ABOUT THIS TASK:
Retype nothing except the lines below from the one with "Underwater reef with" through the one with "Yiwu joias banhadas", exactly, with images left out.

PROVIDED MATERIAL:
=== Begin Enclosure ===
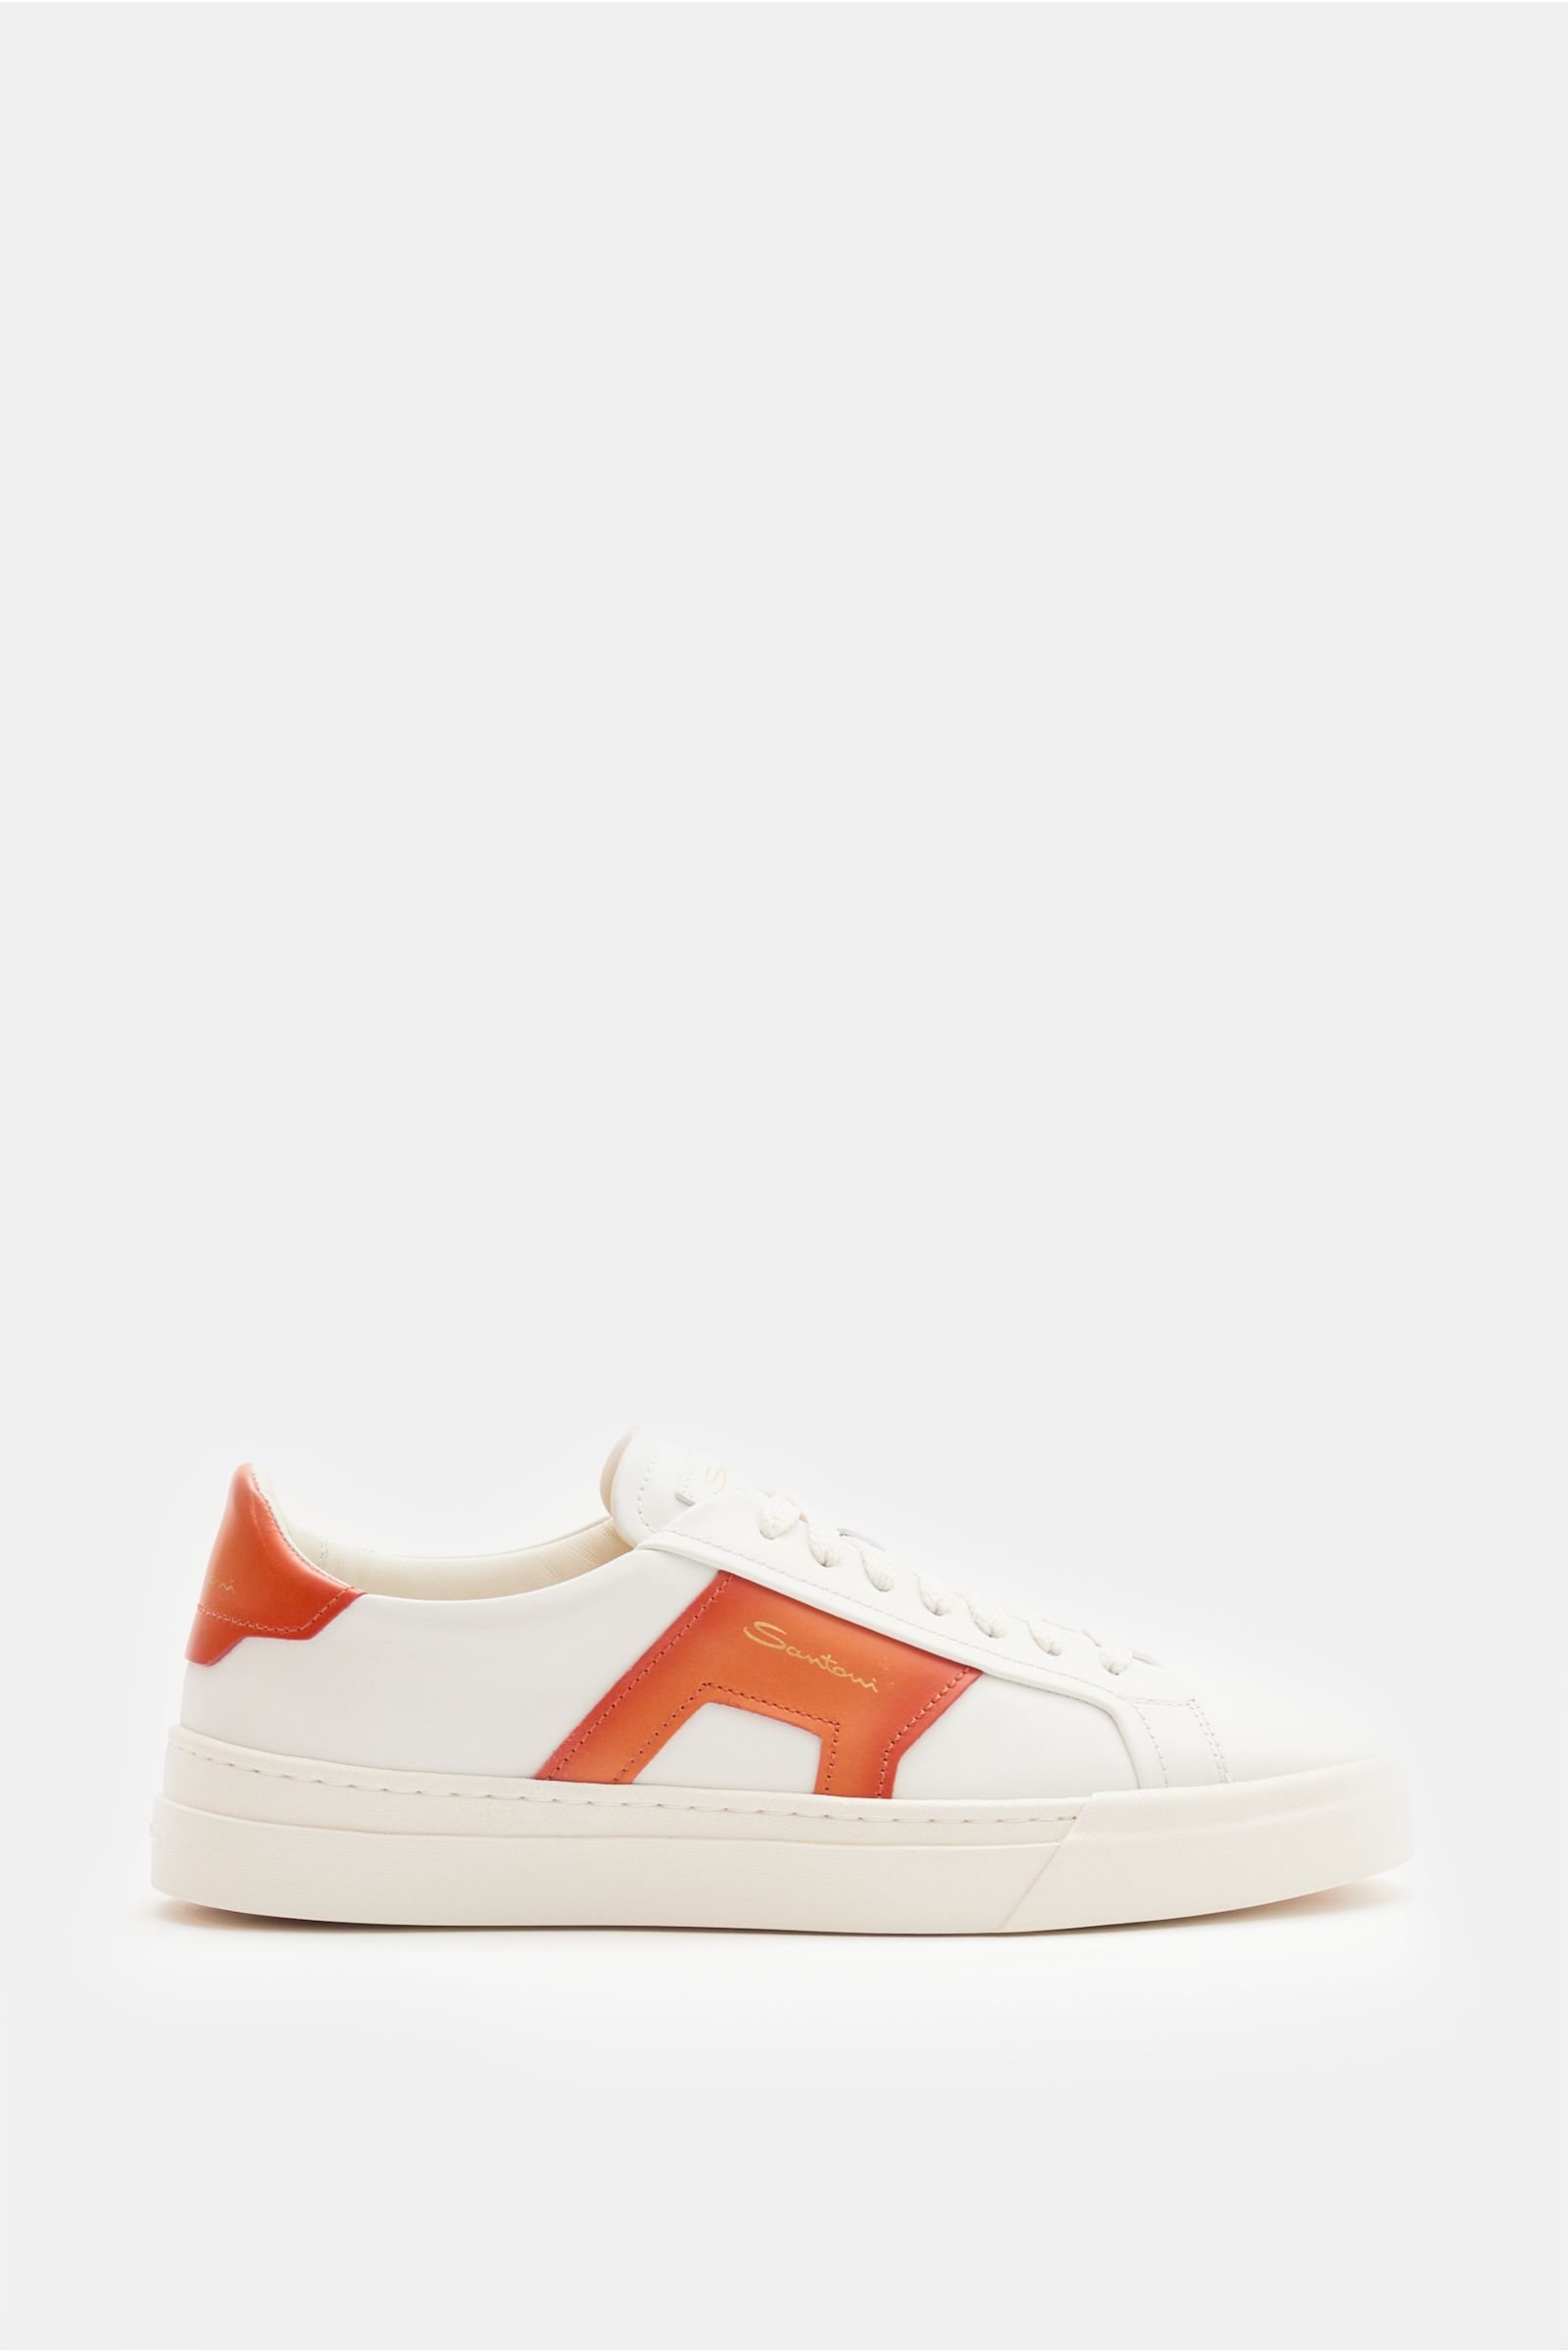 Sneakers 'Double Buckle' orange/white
=== End Enclosure ===
=== Begin Enclosure ===
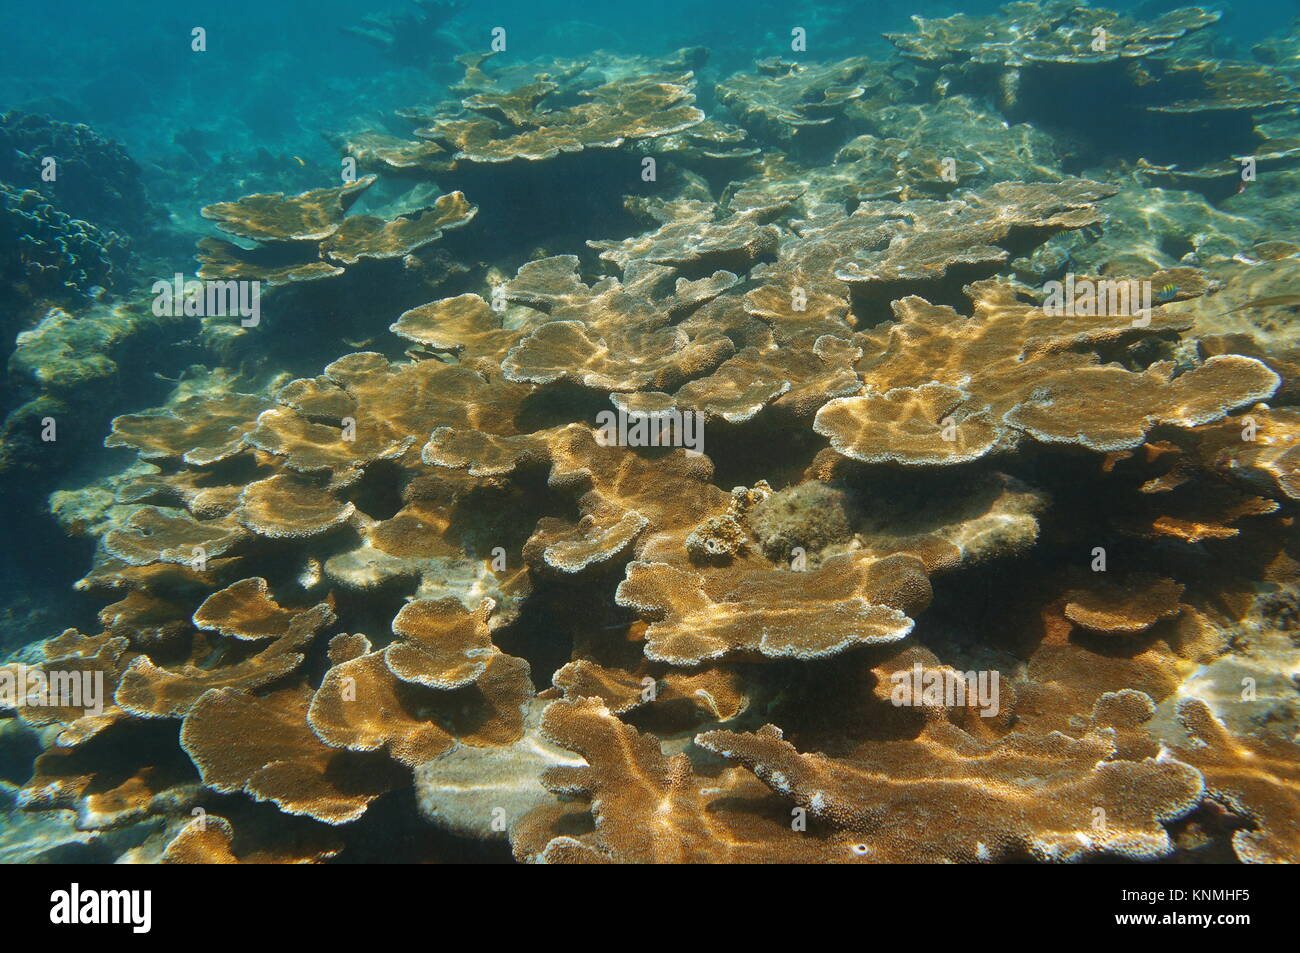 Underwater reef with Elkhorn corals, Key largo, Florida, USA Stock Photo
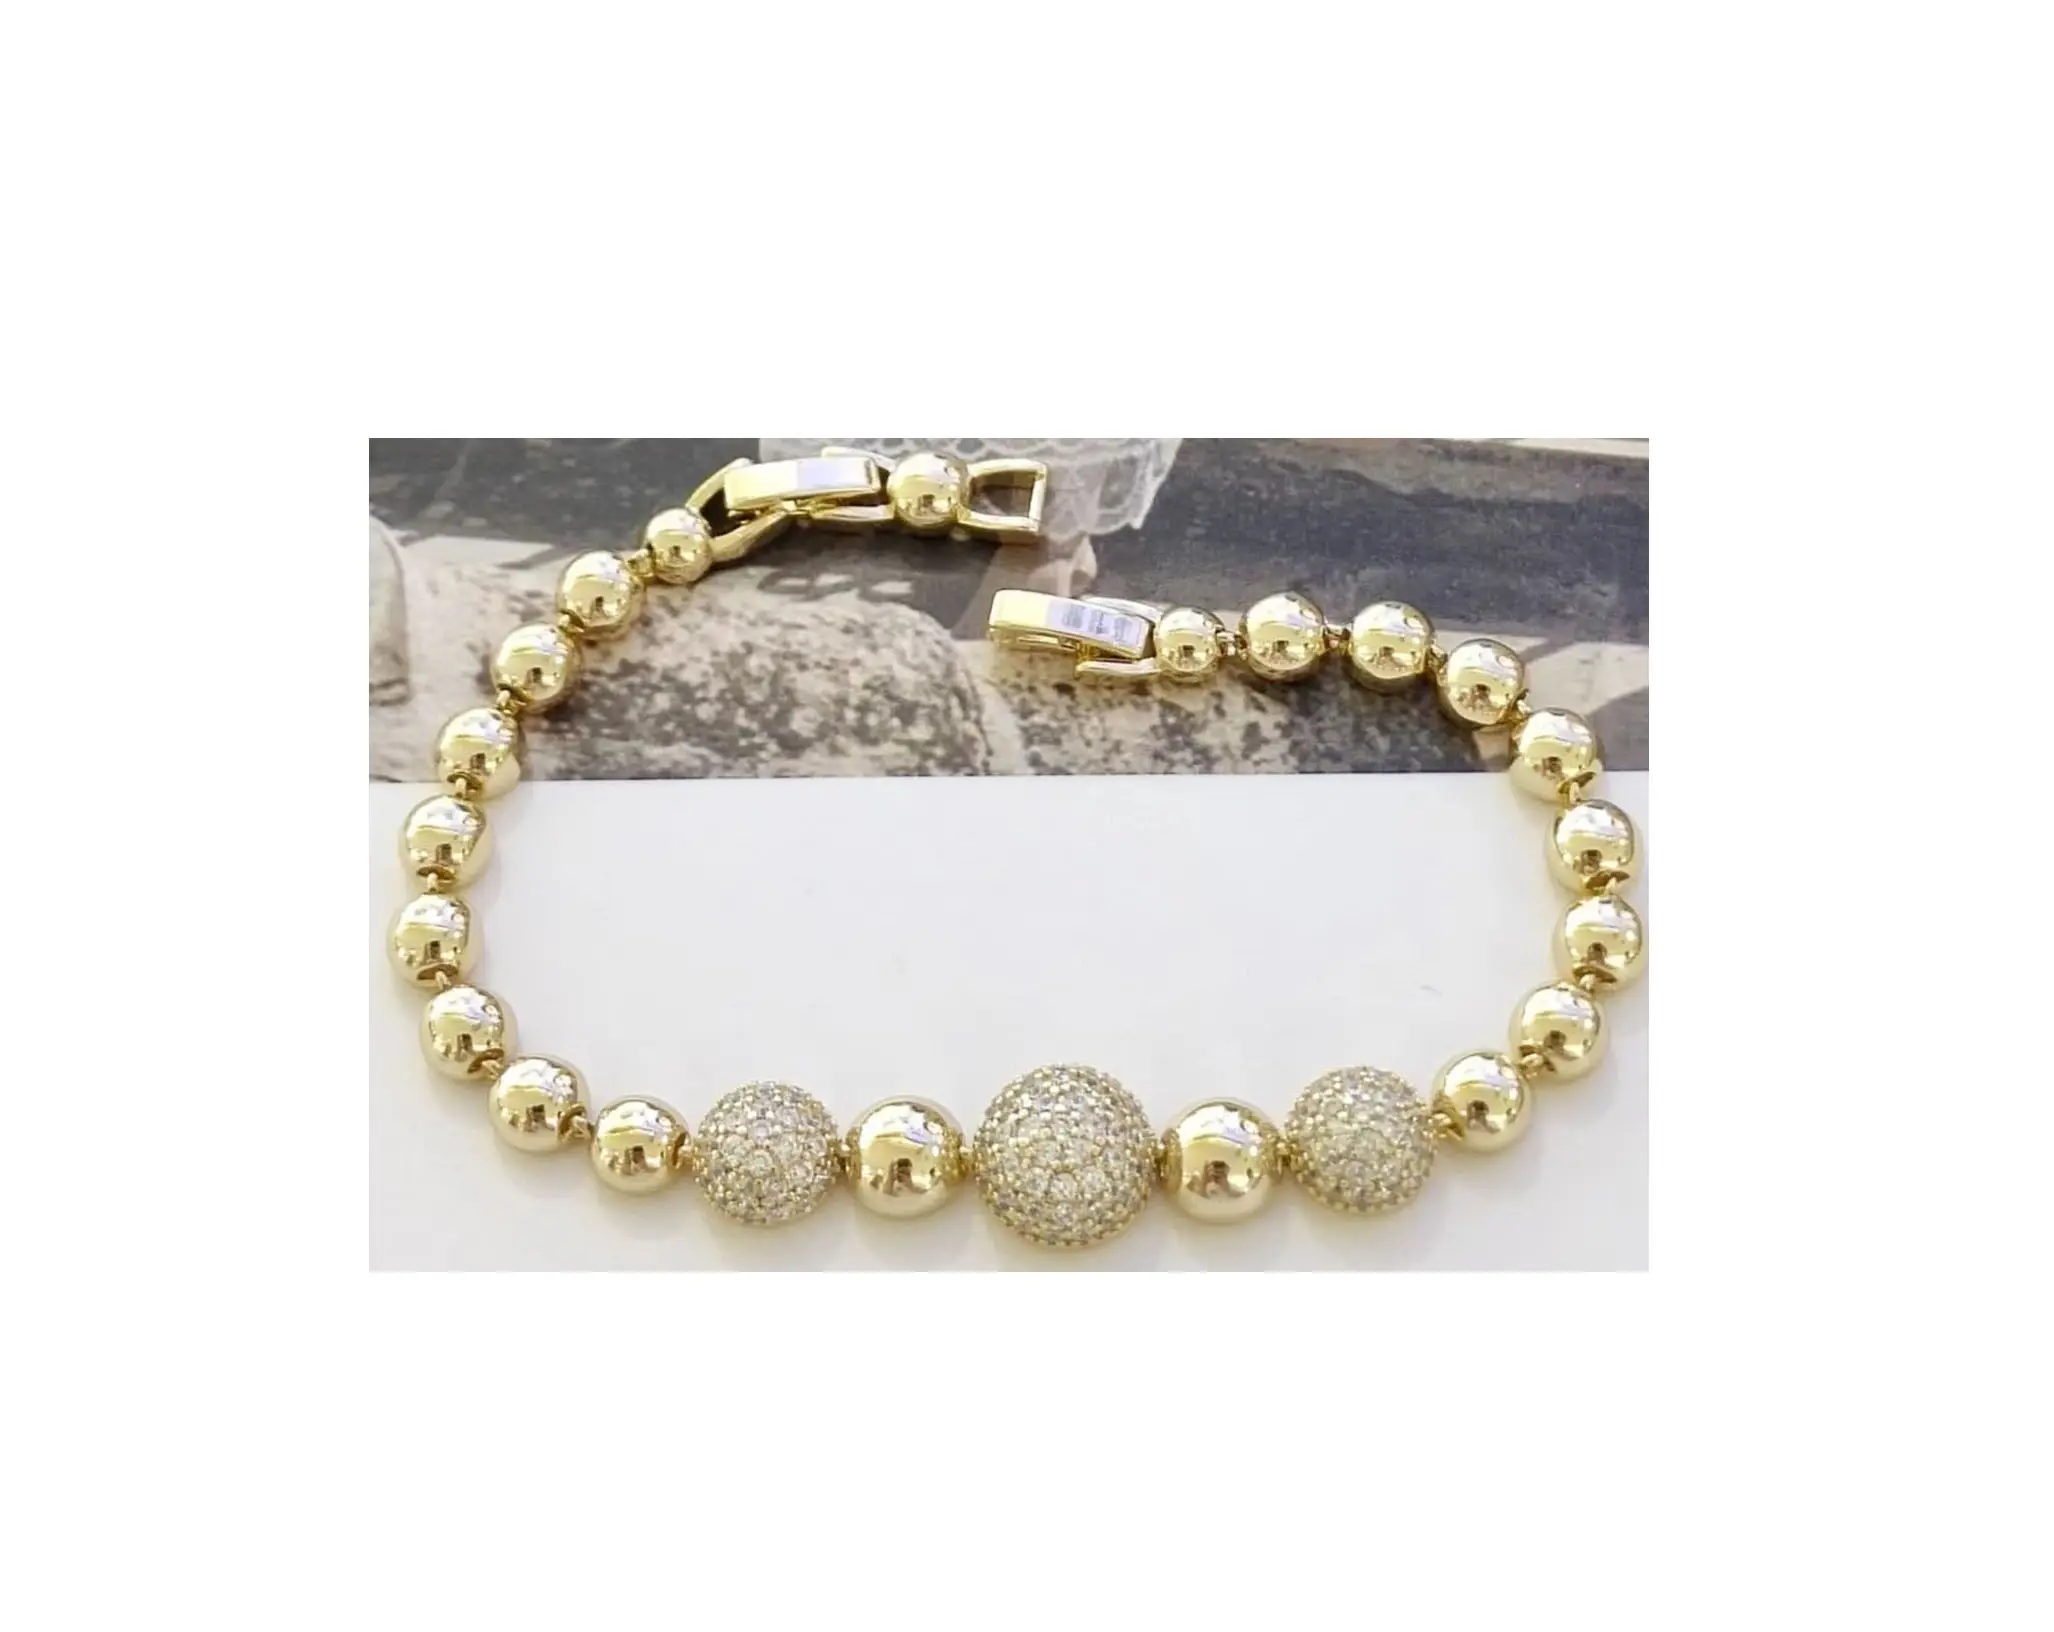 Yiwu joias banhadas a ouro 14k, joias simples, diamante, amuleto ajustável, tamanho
=== End Enclosure ===
THE COMPLETED TASK:
 Underwater reef with Elkhorn corals, Key largo, Florida, USA Stock Photo
 Yiwu joias banhadas a ouro 14k, joias simples, diamante, amuleto ajustável, tamanho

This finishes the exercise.